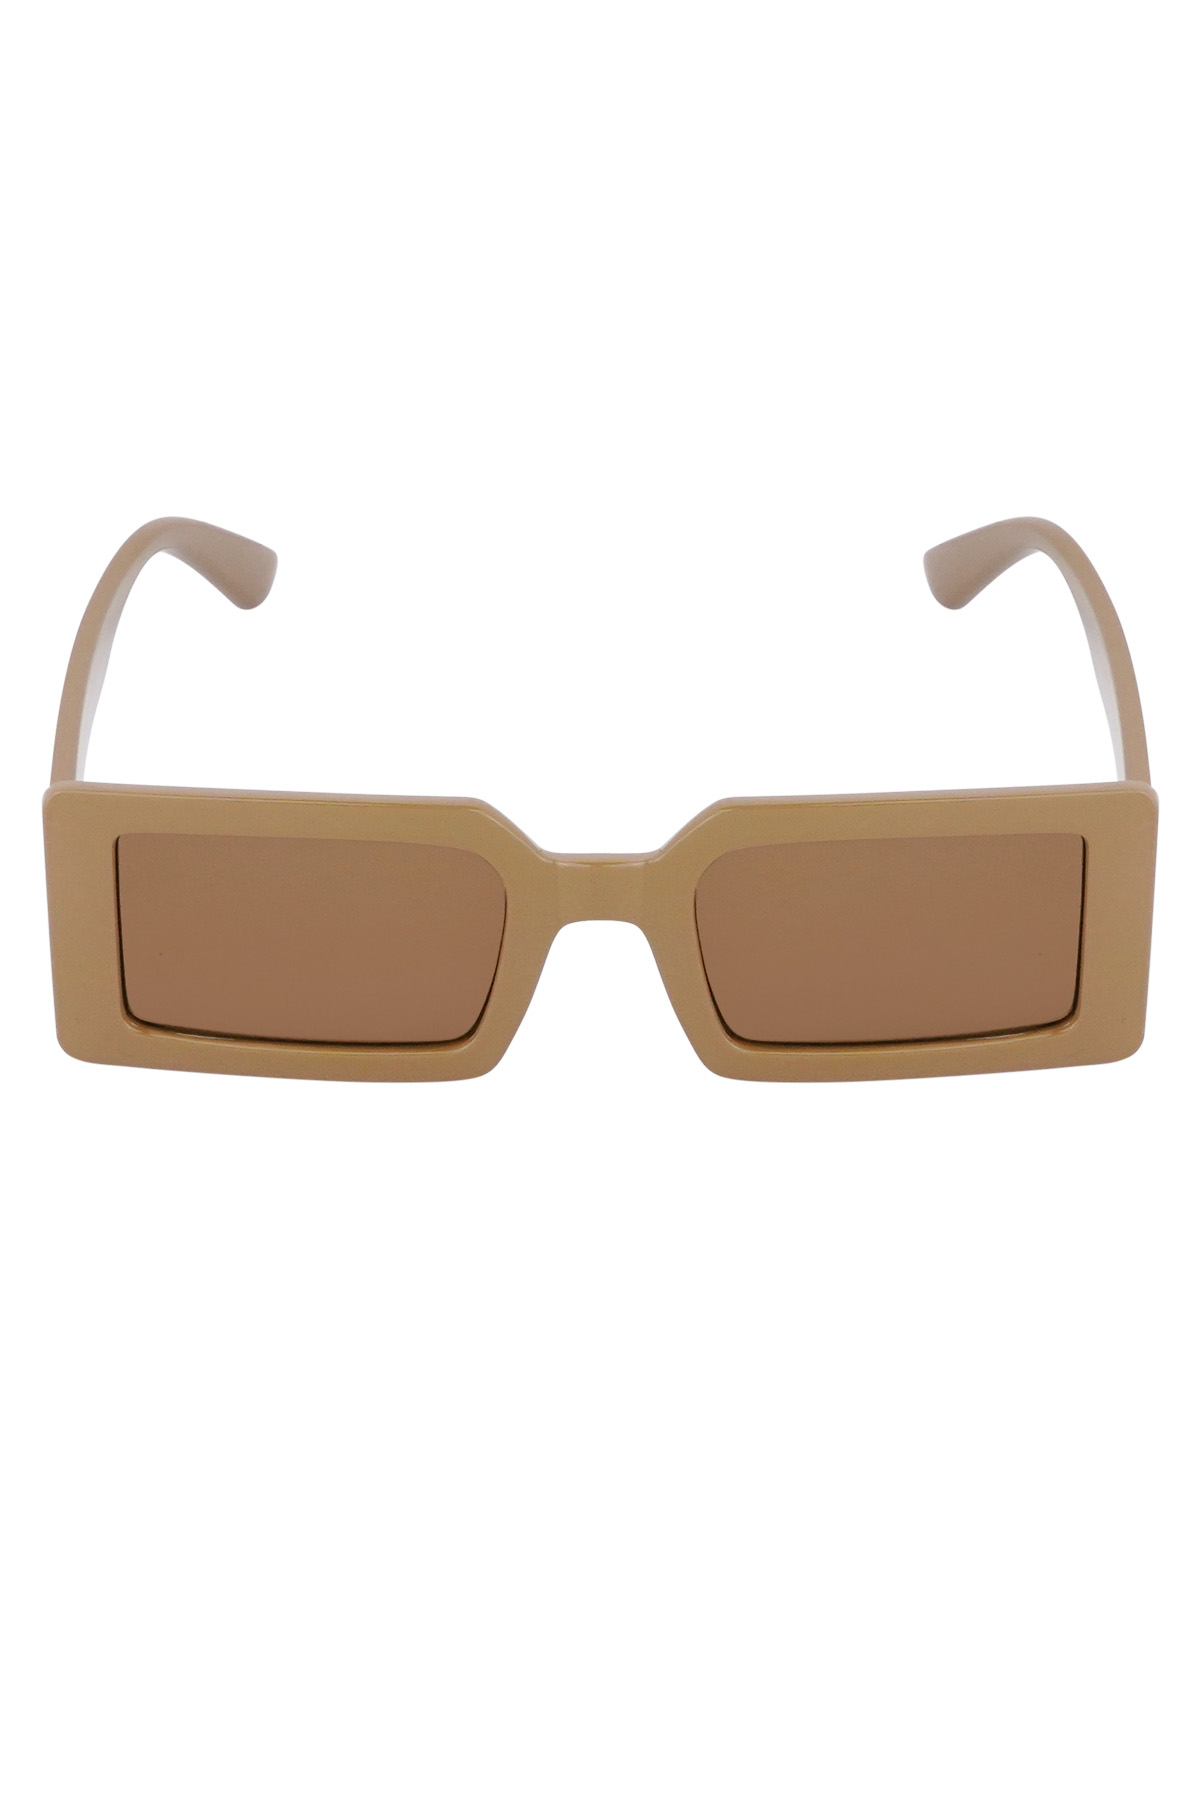 Shimmerglow sunglasses - beige Picture4
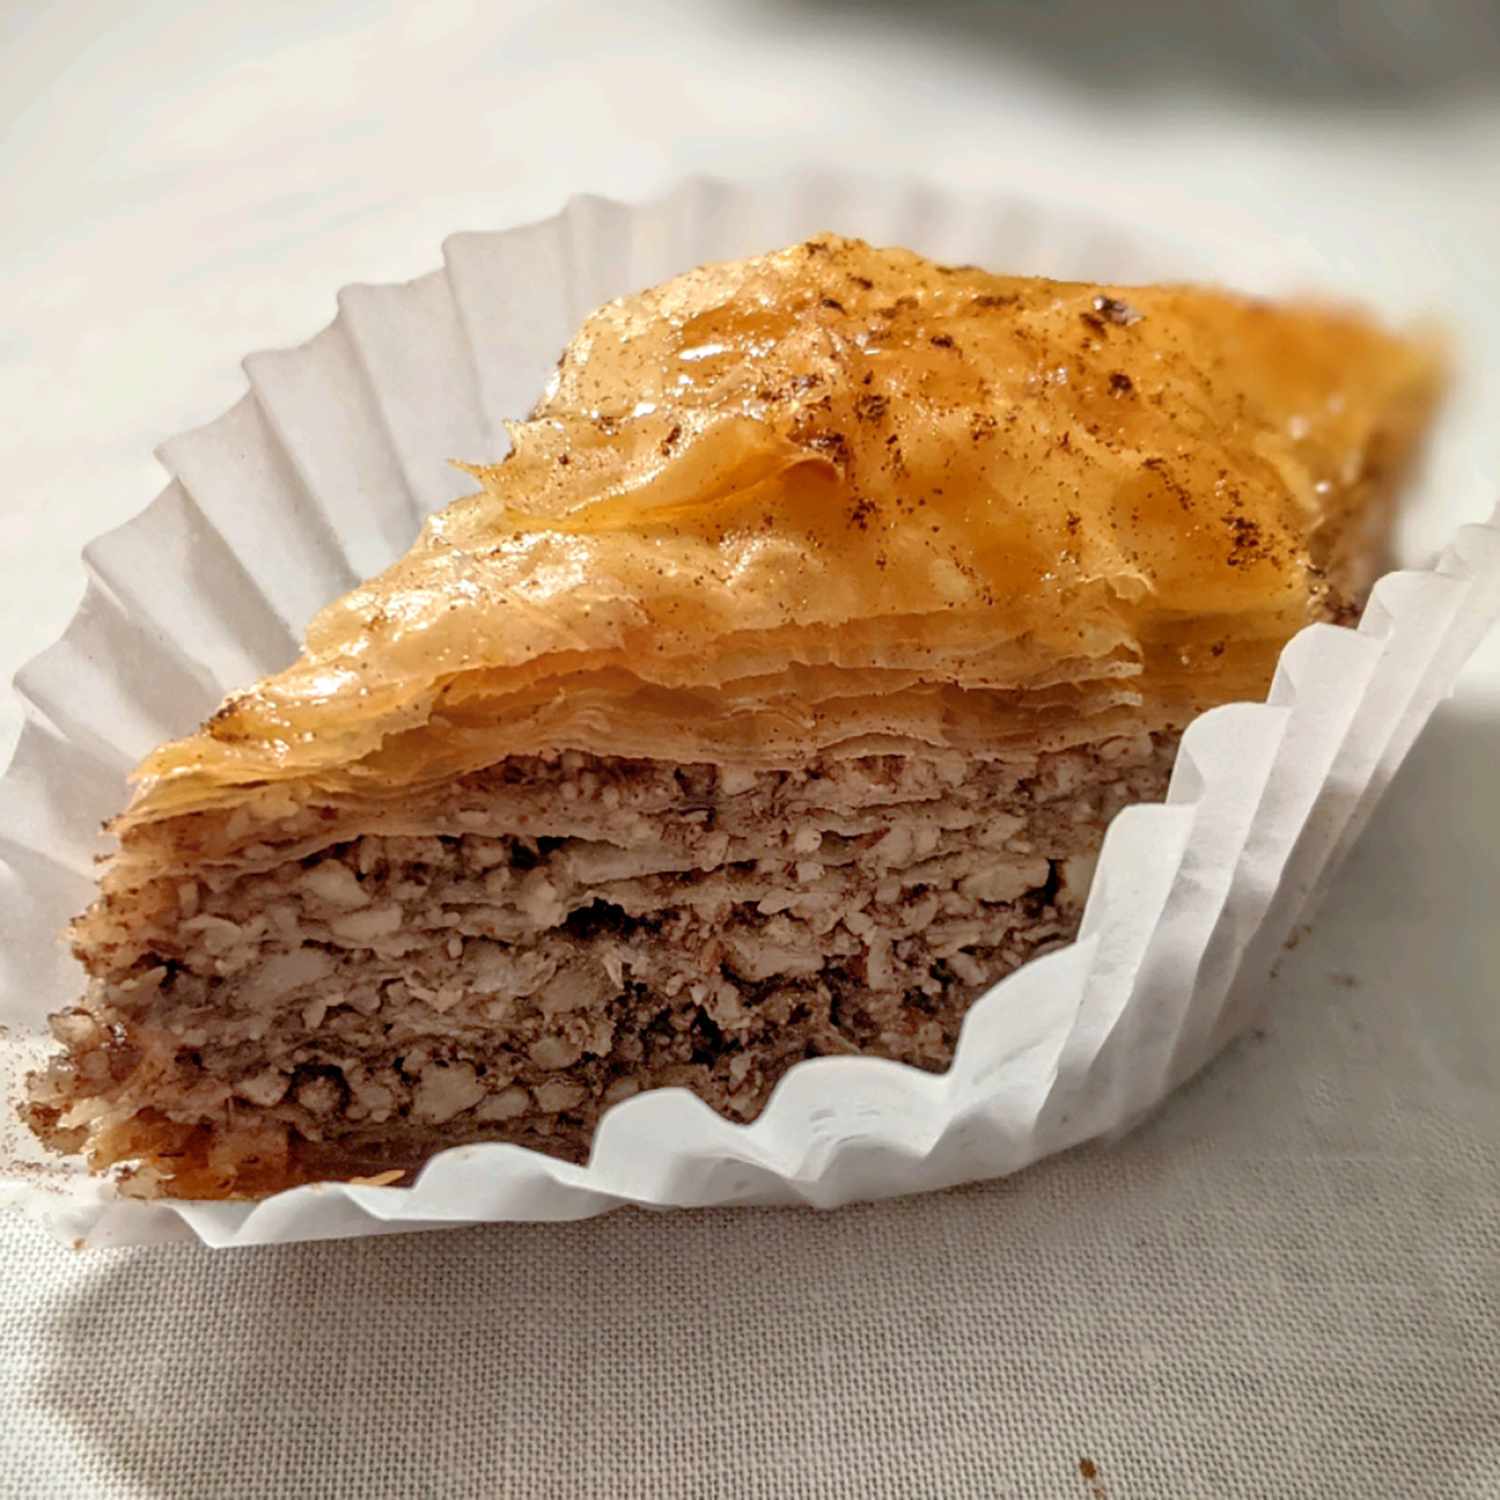 a close up view of a single piece of baklava and it's super flaky layers
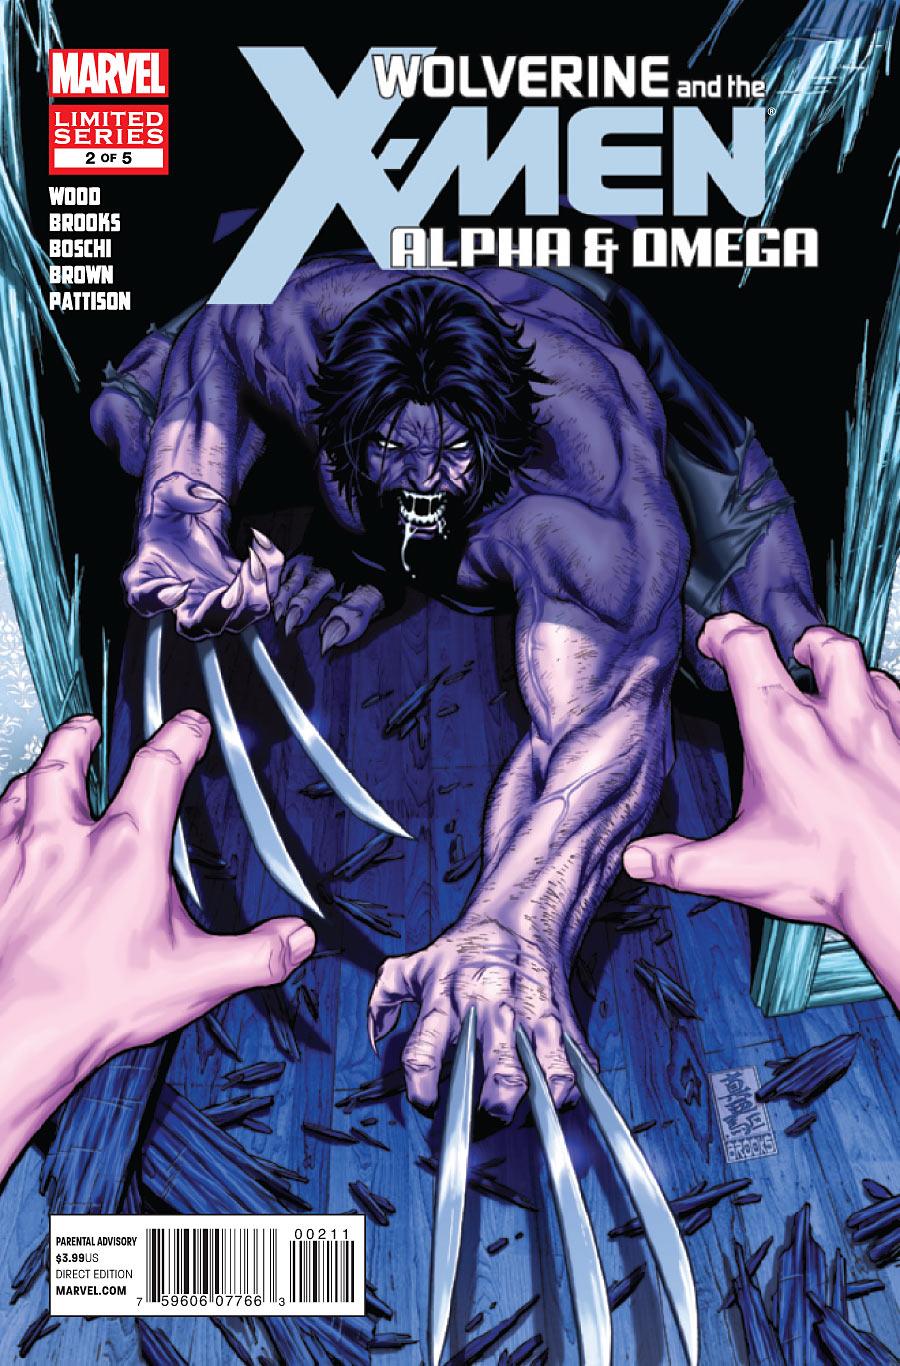 Wolverine and the X-Men: Alpha & Omega Vol. 1 #2
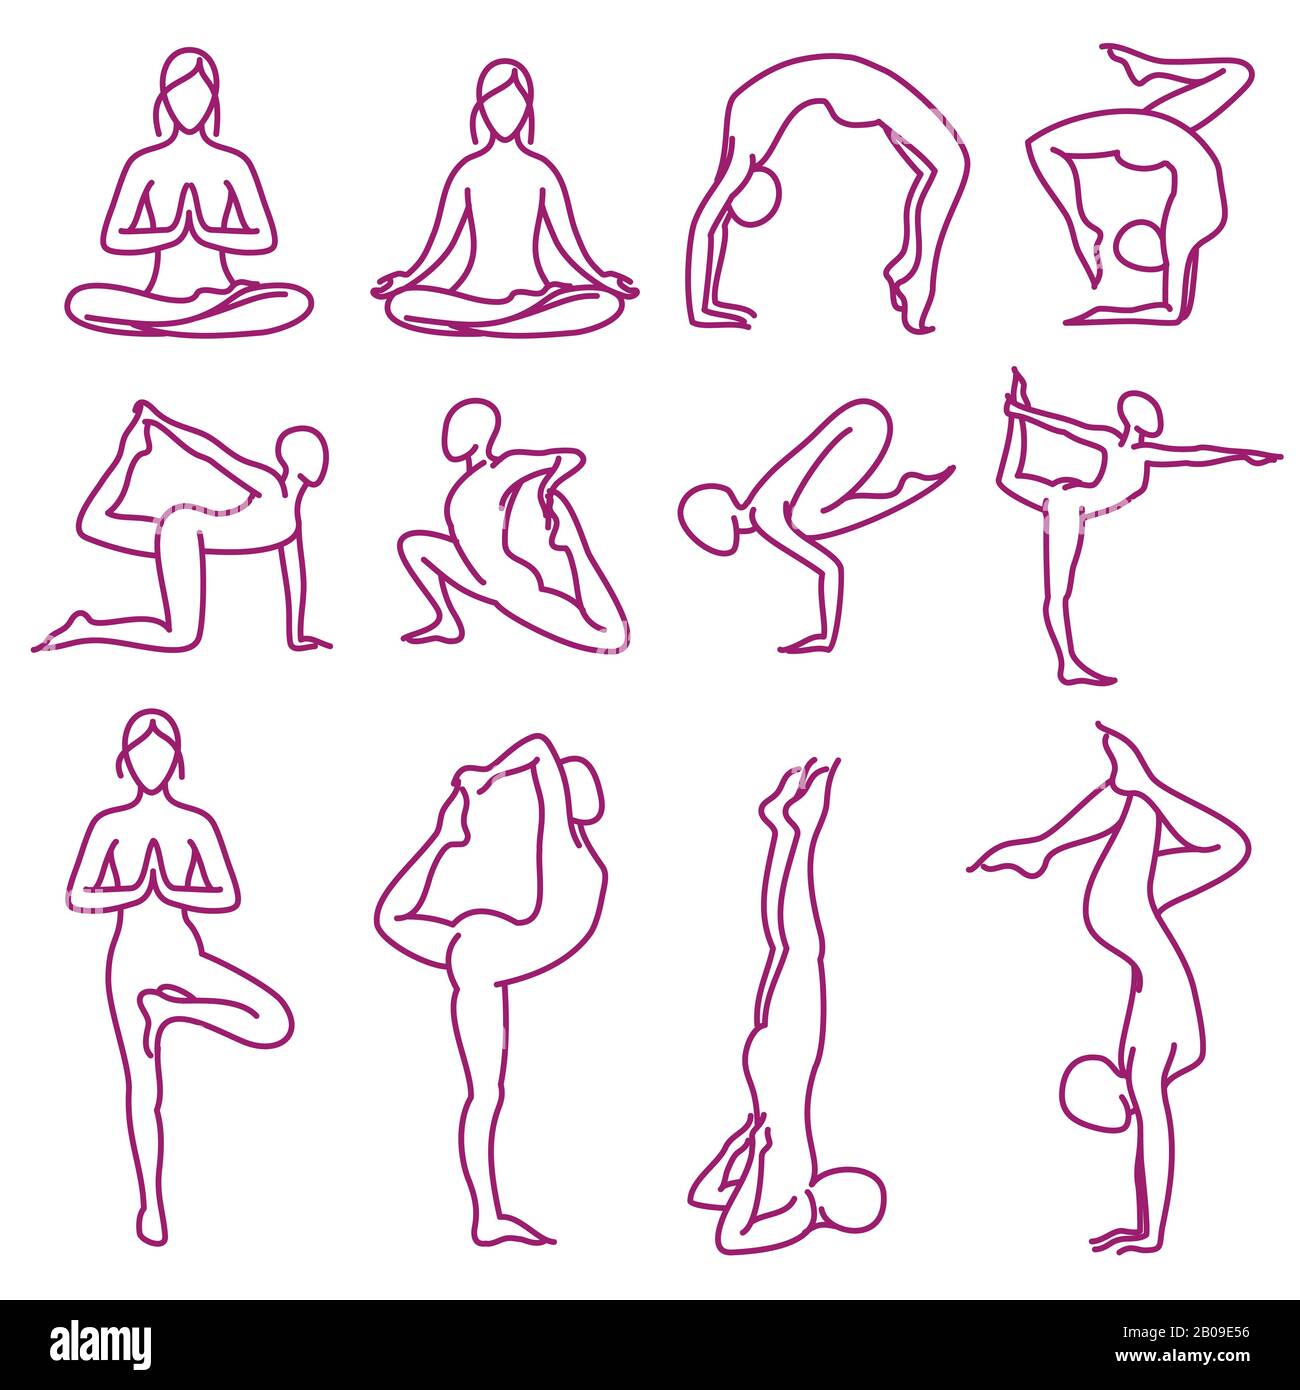 Yoga poses vector silhouettes, pilates fitness female exercises. Set of yoga poses, illustration of outline woman body in pose yoga Stock Vector
========
Instructions to follow. The data must be printed exactly, image-free.

Result for this task.
 Shimmerglow sunglasses - beige Picture4
 a close up view of a single piece of baklava and it's super flaky layers
 Wolverine and the X-Men: Alpha & Omega Vol. 1 #2
 Yoga poses vector silhouettes, pilates fitness female exercises. Set of yoga poses, illustration of outline woman body in pose yoga Stock Vector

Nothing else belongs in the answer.